Recreational Cannabis Legalization Stalls Again in NY; Cuomo Pushes for Decriminalization – Cheddar

Sen. Liz Krueger, D-New York. Photo Credit: Hans Pennink/AP/Shutterstock

June 19, 2019

14m ago

By Chloe Aiello

Recreational cannabis legalization has ground to a halt in New York ー for the second time this year. Just months after a push by Gov. Andrew Cuomo failed to get legalization provisions into the state budget, a last ditch effort to pass a comprehensive legalization bill through the state legislature fizzled out on Wednesday.

Democratic State Senator Liz Krueger, sponsor of the Marijuana Regulation and Taxation Act, admitted defeat in a statement on Wednesday morning, saying the legislators “came very close to crossing the finish line, but we ran out of time.”

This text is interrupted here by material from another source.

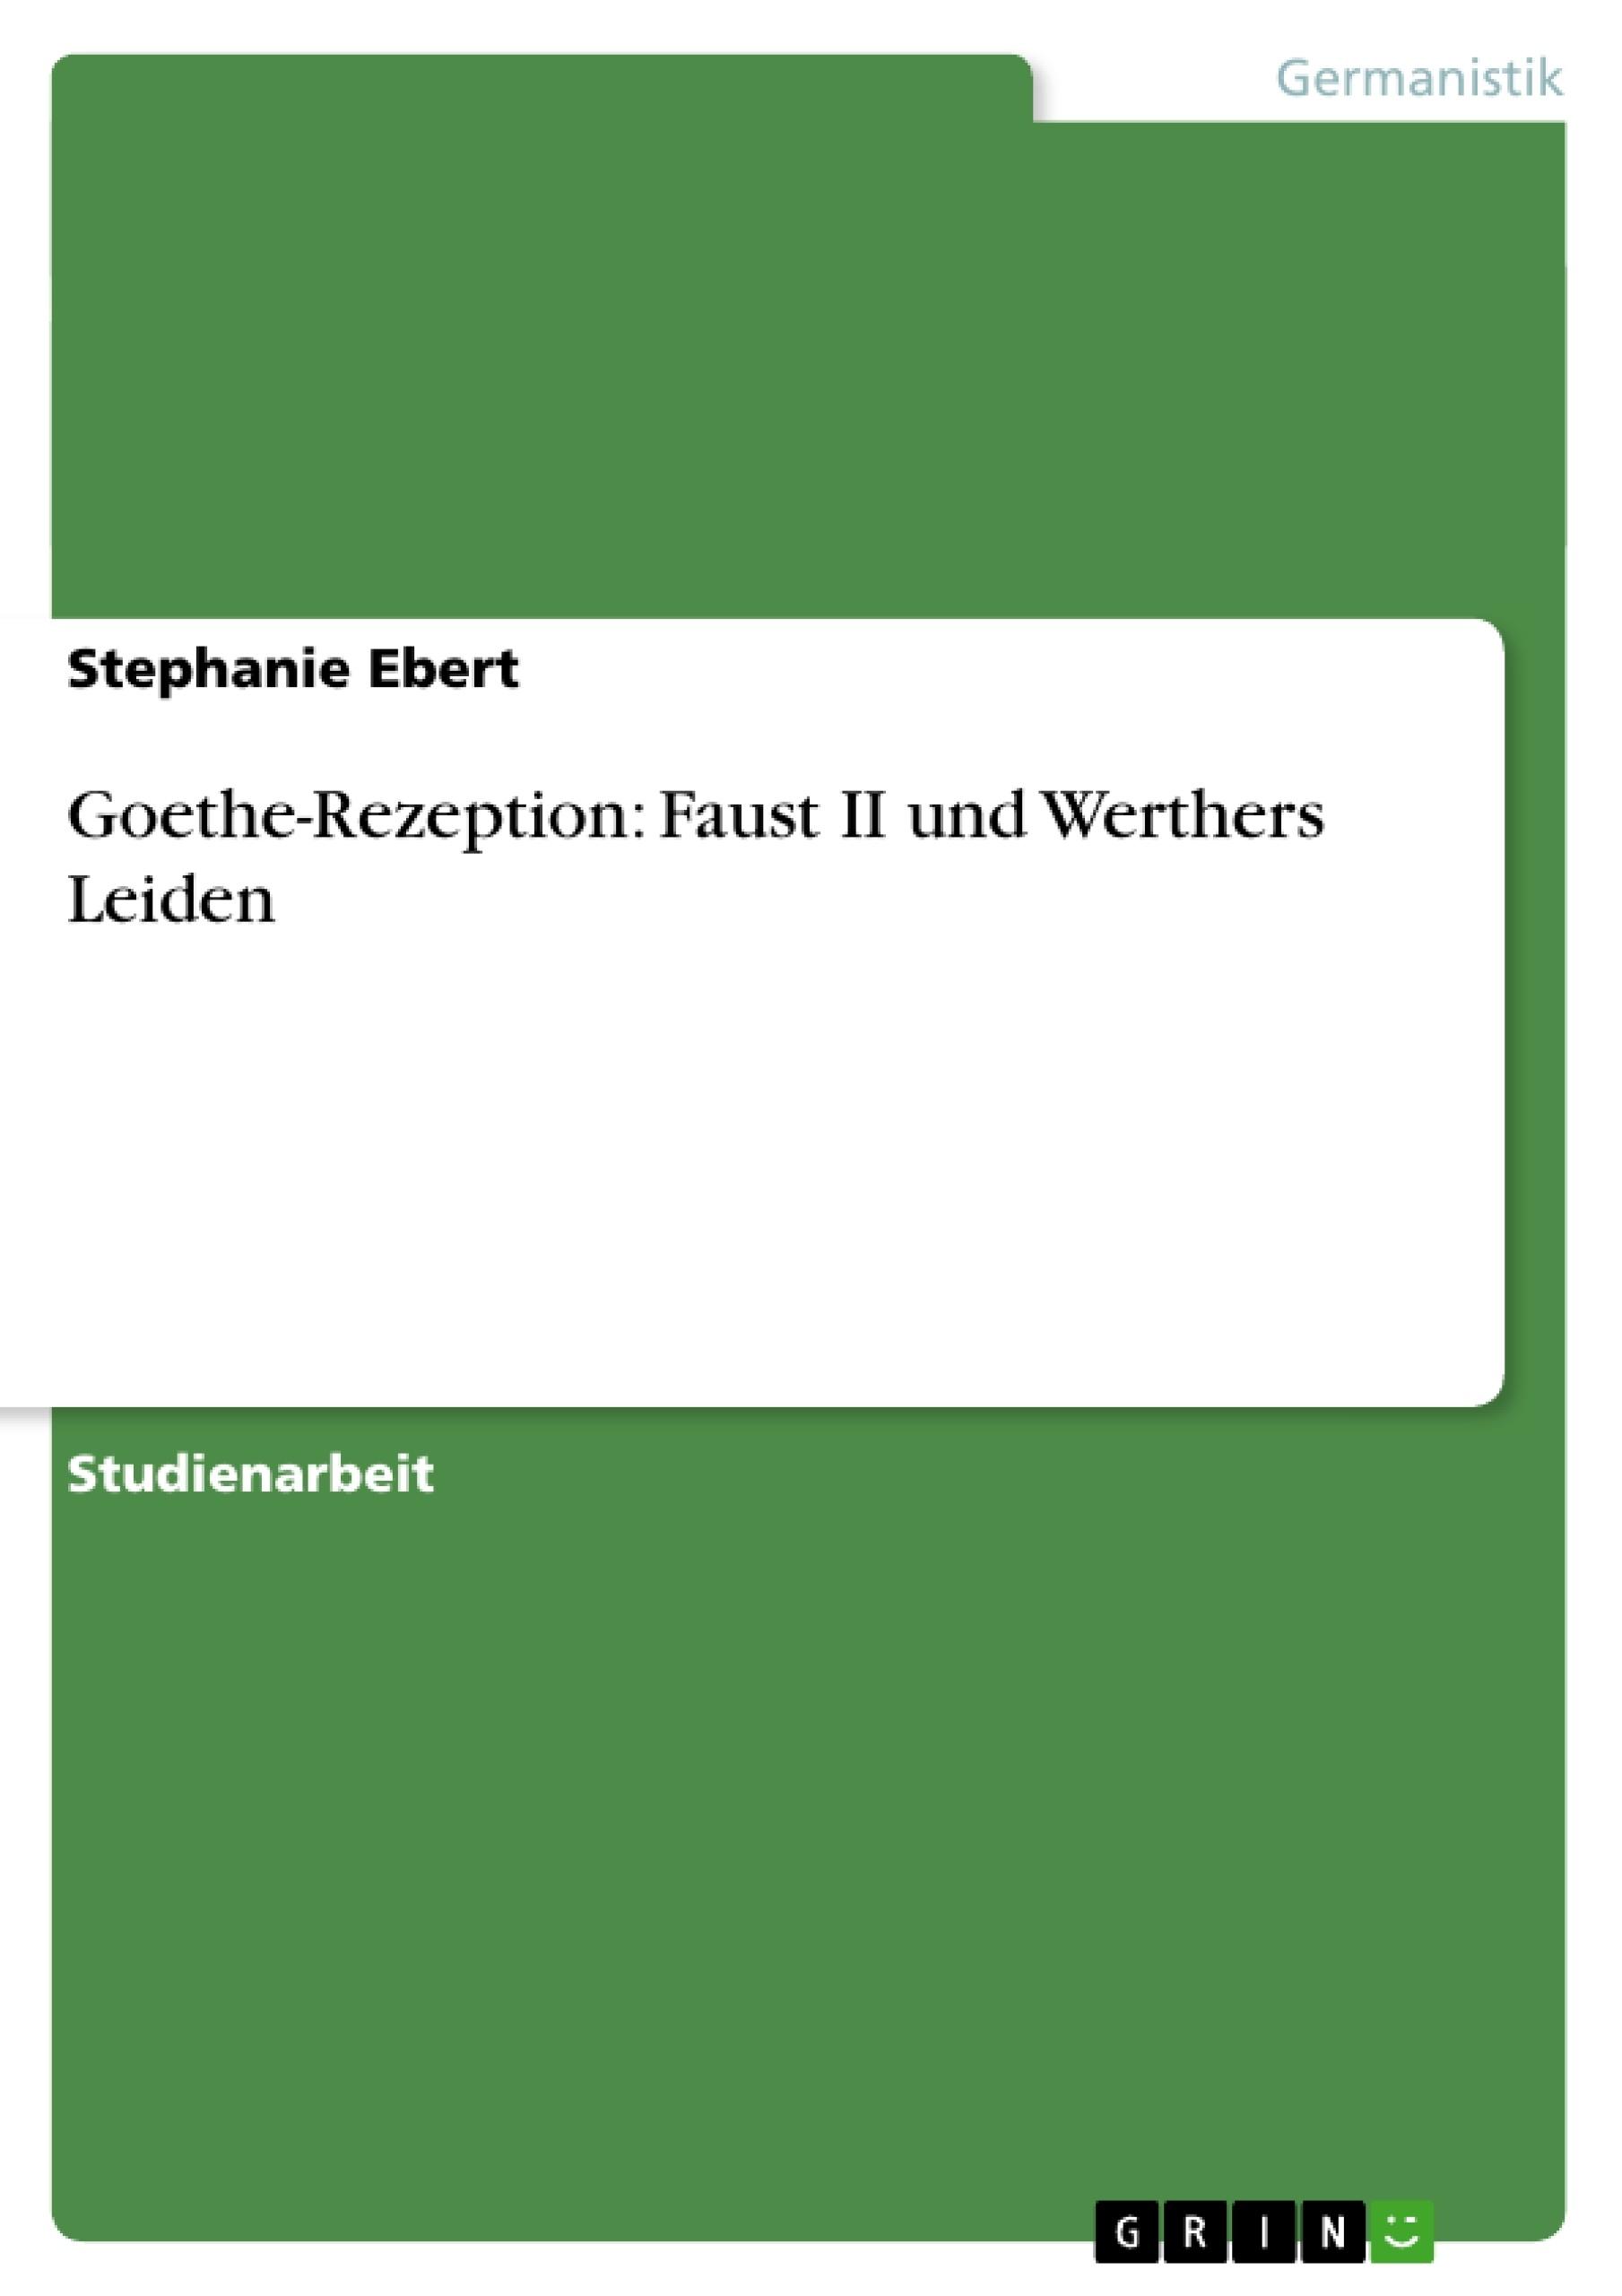 Titel: Goethe-Rezeption: Faust II und Werthers Leiden

“This is not the end of the road, it is only a delay. Unfortunately, that delay means countless more New Yorkers will have their lives upended by unnecessary and racially disparate enforcement measures before we inevitably legalize,” Krueger said in a statement.

The bill, championed by Krueger and Assembly Majority Leader Crystal Peoples-Stokes, a Democrat from Buffalo, proposed a broad and progressive approach to legalization which would have regulated recreational sales, expunged past cannabis-related convictions, and allocated significant portions of tax revenues toward reinvestment in communities that have been disproportionately impacted by the cannabis criminalization. The latest version of the bill was popular among activists, but several points of contention, including the bill’s opt-out provisions for localities, handling of drugged driving, and tax revenue allocation proved insurmountable for the state senate.

„I said from the beginning of this session that I believed marijuana legalization had the best chance of being passed in this year’s budget. Today, the Senate confirmed that it does not have the votes to move forward with legalization,” Cuomo said in a statement, alluding to his failed budget proposal earlier in the year.

A decriminalization bill that has also been making its way through the state legislature has been pitched as a backup to full legalization. Cuomo said he would issue a „message of necessity” to expedite passage of that bill, so legislators can get decriminalization, at the very least, passed by the end of the session on Wednesday.

„I was asked earlier this week on a radio show if I would settle for decriminalization as a backup, and I said I keep fighting and only 'tend to give up on hour 20 when there’s four hours left in the session’. We have now reached 'hour twenty,'” Cuomo said in a statement.

The Wall Street Journal reported that, following the demise of full legalization, lobbyists would throw their weight behind the aforementioned decriminalization bill, as well as others that expand the existing medical marijuana program and seek to regulate hemp. This approach would have New York follow in the footsteps of New Jersey, which after failing to legalize recreational cannabis in March, has adopted a more piecemeal approach to legalization.

But activists say the decriminalization bill doesn’t go far enough to remedy the damaging effects of cannabis criminalization on minority communities.

„Decriminalization alone is not enough to deal with the full impact of marijuana prohibition and just gives law enforcement discretion. Actually addressing the legacy of harm from prohibition and targeted enforcement by comprehensively legalizing and reinvesting in communities is what policymakers need to deliver on,” Kassandra Frederique, New York state director at the Drug Policy Alliance, said in a statement.

Troy Smit, deputy director of the Empire State chapter of the National Organization to Reform Marijuana Laws (NORML), added that the bill’s lack of support in the Senate amounted to a „betrayal by the Democratic caucus that blocked this measure,” but thanked Sen. Krueger and Assemblywoman Peoples-Stokes for refusing to compromise on key issues like reinvestment.

With the bill pulled from consideration this session, legislators will likely have to wait until 2020 to vote on recreational cannabis legalization.